DEPUTY CABINET SECRETARY HAGIUDA: In yesterday’s press conference, my understanding is that Foreign Minister Lavrov spoke about wanting to advance relations between Japan and Russia in a broad range of areas in the context of exchanges between Prime Minister Abe and President Putin. At the same time, the Japanese Government cannot accept the comments by the Foreign Minister regarding the territorial issue. Japan and Russia have not concluded a peace treaty because they have not resolved the territorial issue, as is widely known. The core point of negotiations on a peace treaty therefore is the attribution of the four northern islands, which is the territorial issue. Japan absolutely cannot accept the Russian assertion that the four northern islands became the territory of Russia as a result of the Second World War. Nevertheless, the Government retains our current policy approach of moving forward in relations between Japan and Russia in a way that contributes to Japan’s national interest through steady accumulation of political dialogue and addressing territorial negotiations in this context. Foreign Minister Lavrov has repeatedly made this type of comment. Precisely because this is such a difficult issue, Prime Minister Abe and President Putin have been holding summit meetings and building mutual trust and are continuing to meet with an eye toward dealing with this issue. Japan intends to continue making these efforts.

REPORTER: Staying on this topic, does the Government plan to lodge some type of protest to the Russian Government or make other contact in response to this comment?

DEPUTY CABINET SECRETARY HAGIUDA: The Government is not considering a specific response to the comment because Japan’s position has already been clearly stated, but it intends to respond appropriately.


REPORTER: I have a related question. The TPP Ministerial Meeting and signing ceremony are scheduled to take place in New Zealand next month. What is the Government’s opinion on whether Minister Amari will attend these events, regardless of the content of tomorrow’s press conference?

DEPUTY CABINET SECRETARY HAGIUDA: The New Zealand meeting consists of a signing ceremony for the TPP Agreement and a Ministerial Meeting prior to the signing at which important topics, such as how to handle new member countries, will be discussed. Considering the meeting’s importance, the Government thinks that it would be difficult to appropriately deal with these topics without the presence of Minister Amari who has been continuously involved with the TPP negotiations thus far. Preparations are currently proceeding with the intention of having Minister Amari attend, particularly in light of the planned attendance by Ministers from other TPP participant countries.
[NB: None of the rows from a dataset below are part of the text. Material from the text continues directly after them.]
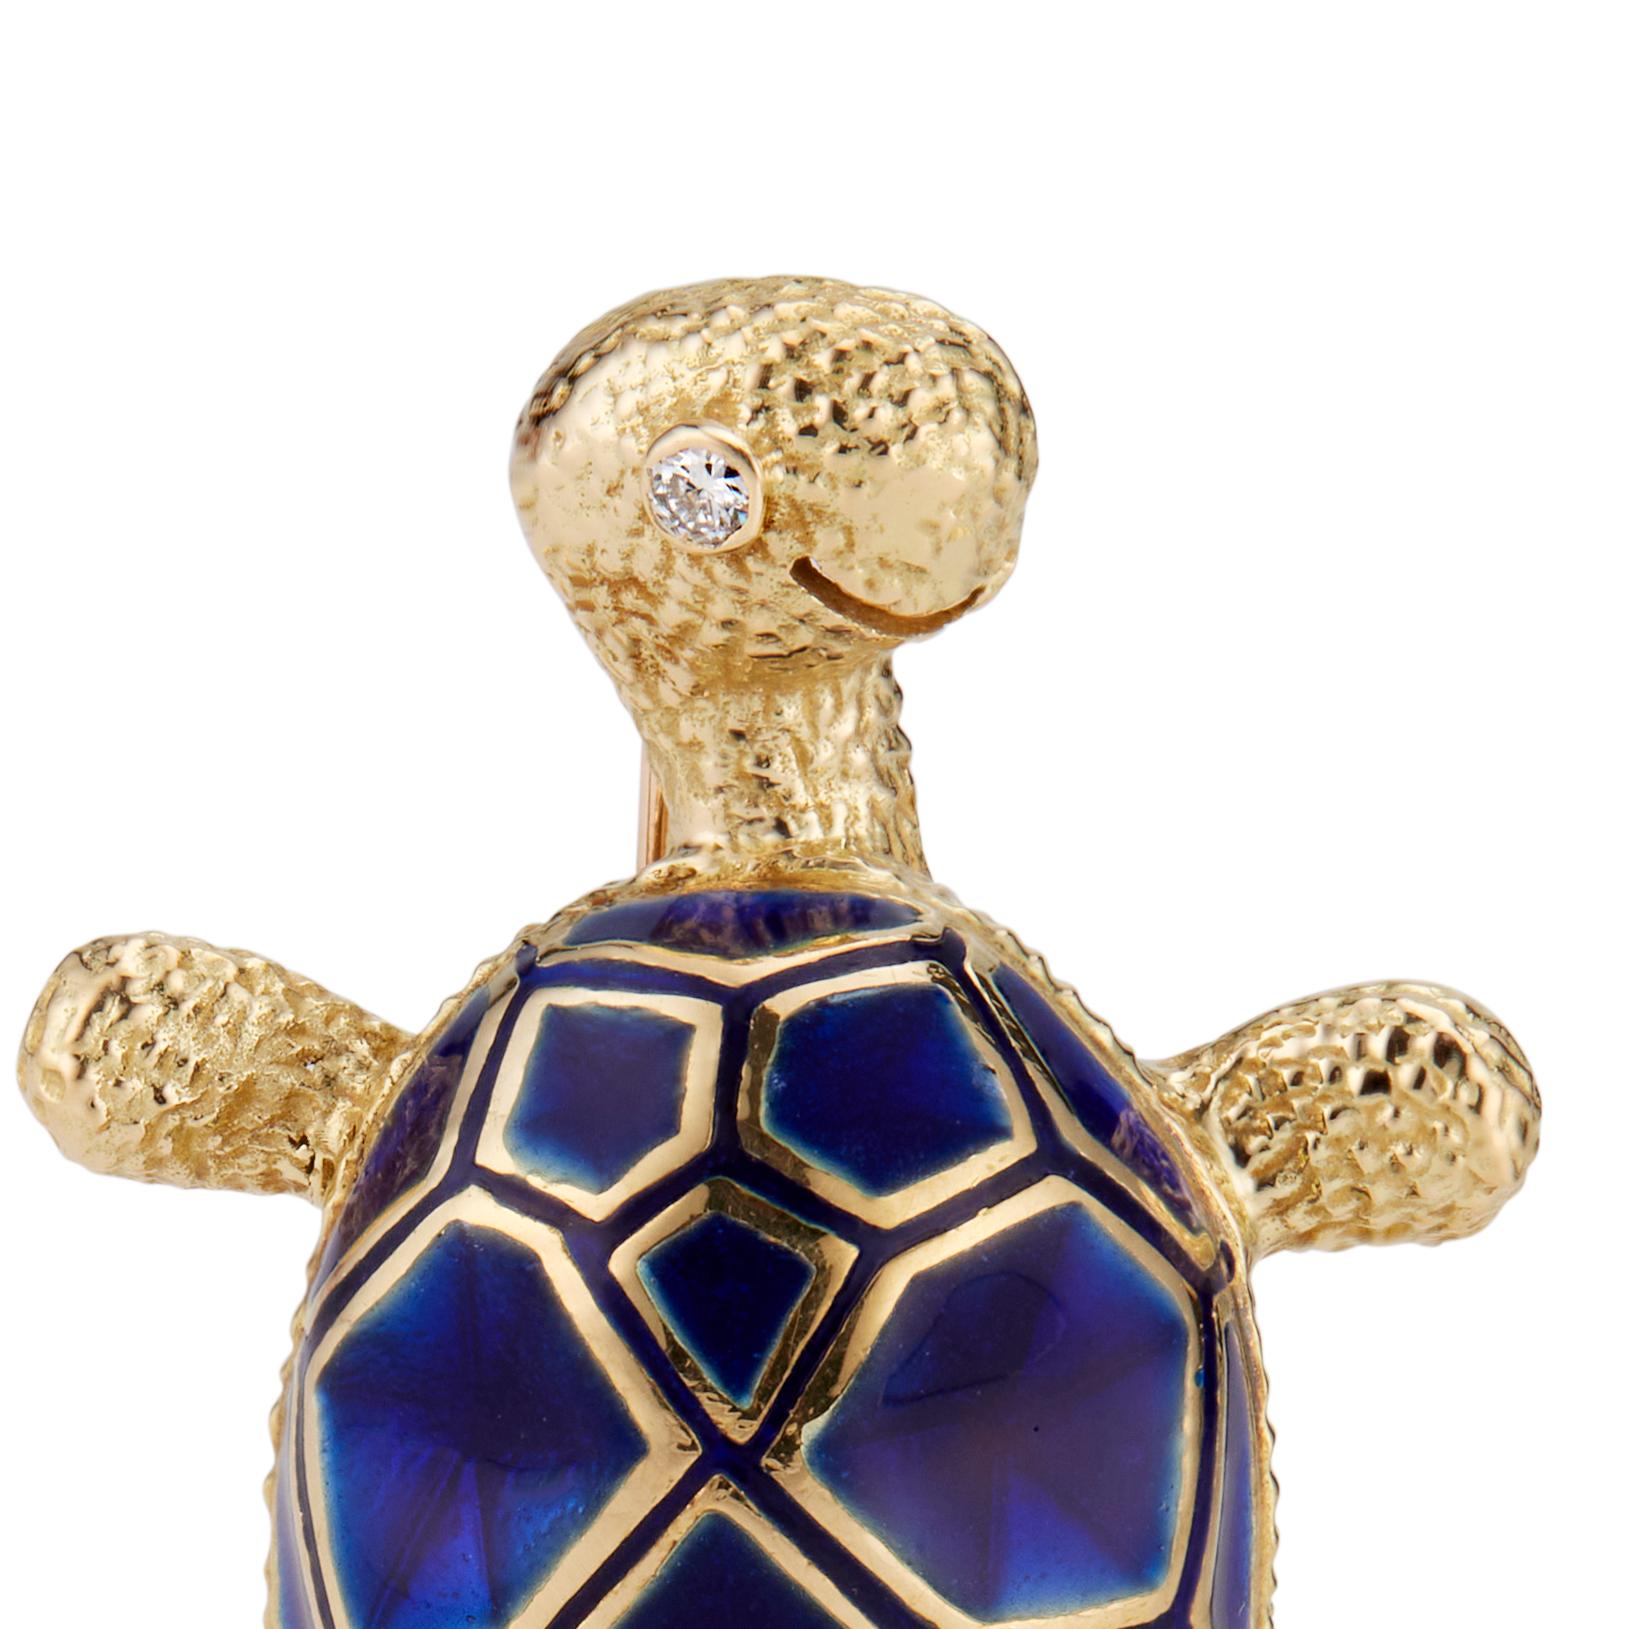 Blaue Emaille-Schildkröten-Brosche aus 18 Karat Gelbgold mit einem hellen Diamantauge im Vollschliff. 

1 runder Vollschliff-Diamant, Gesamtgewicht ca. 0,03cts, G, SI1
18k Gelbgold
Geprüft und gestempelt: 18k
Punze: PL ©
9.6 Gramm
Von oben nach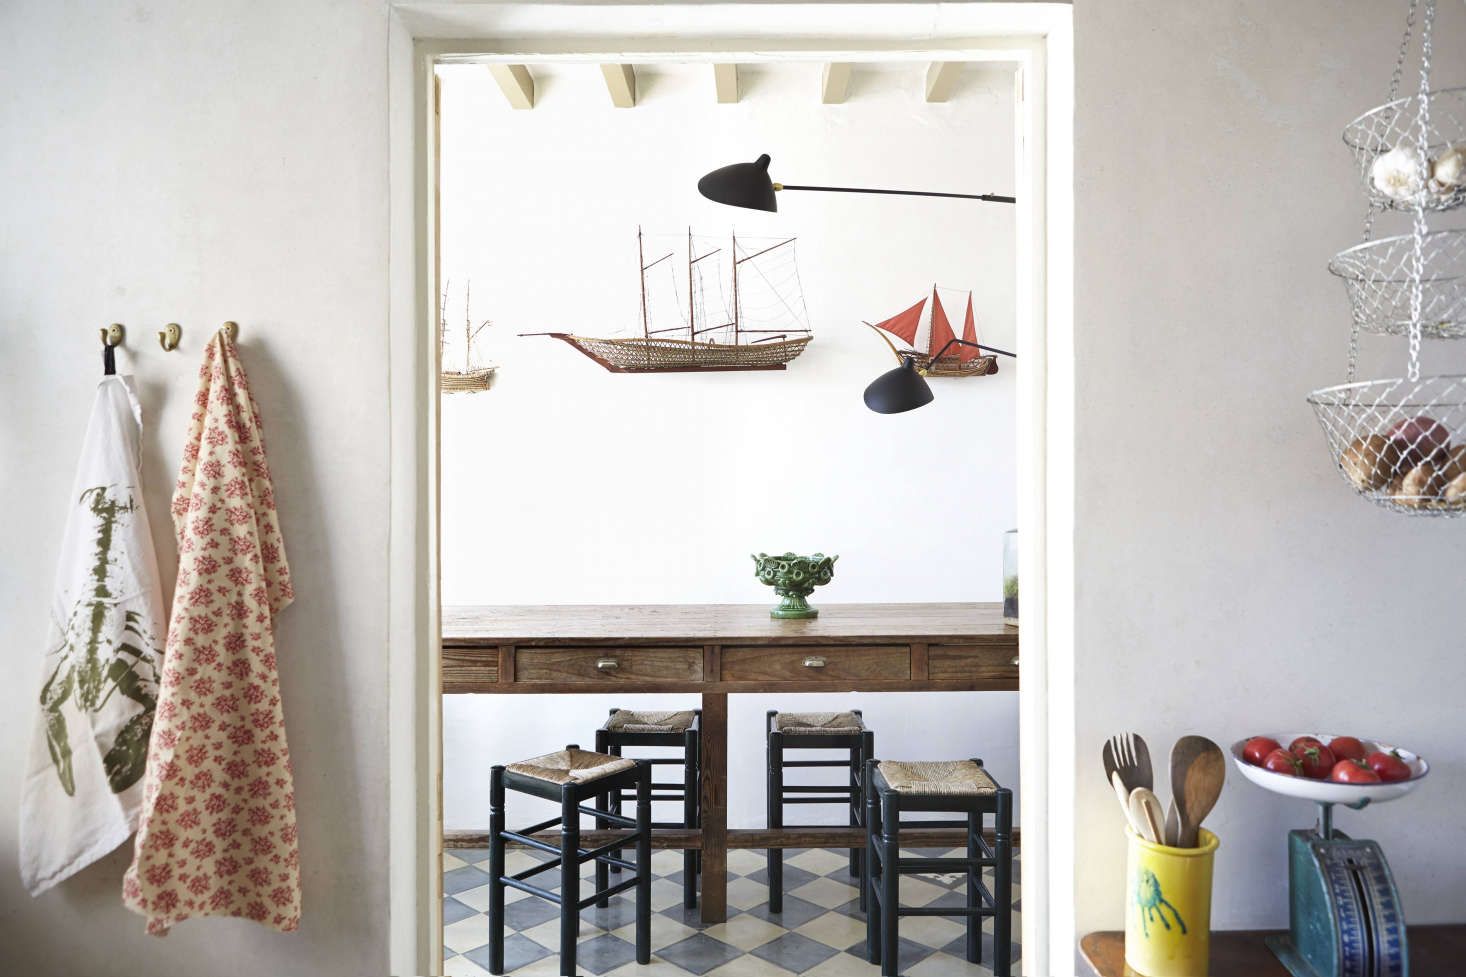 Casa Telmo dining room by Quintana Partners, Menorca, Spain

REPORTER: I would like to ask about Japan’s independent sanctions for North Korea. Some media reports are suggesting that the Government is considering such measures as a ban on reentry to Japan and expansion of the freeze on financial assets. Please explain the related facts.

DEPUTY CABINET SECRETARY HAGIUDA: Our primary stance regarding North Korea is waiting for a Security Council resolution. Meanwhile, various debates are taking place on independent sanctions in the Party and other venues, and I am aware that these measures are being discussed as options within this context. The Government, however, has not reached any decision on specific content at this point because it is keenly interested in presenting a resolute posture toward North Korea in a collaborative manner with the international community.

REPORTER: My impression is that the Security Council resolution is taking more time than initially anticipated. What are your thoughts on this point?

DEPUTY CABINET SECRETARY HAGIUDA: Yes, timing is an important factor for resolutions, and it appears that the draft is already being proposed to countries with the aim of promptly finalizing a resolution. My understanding is that Japan has already supplied comments, and the Government is interested in having members respond as quickly as possible.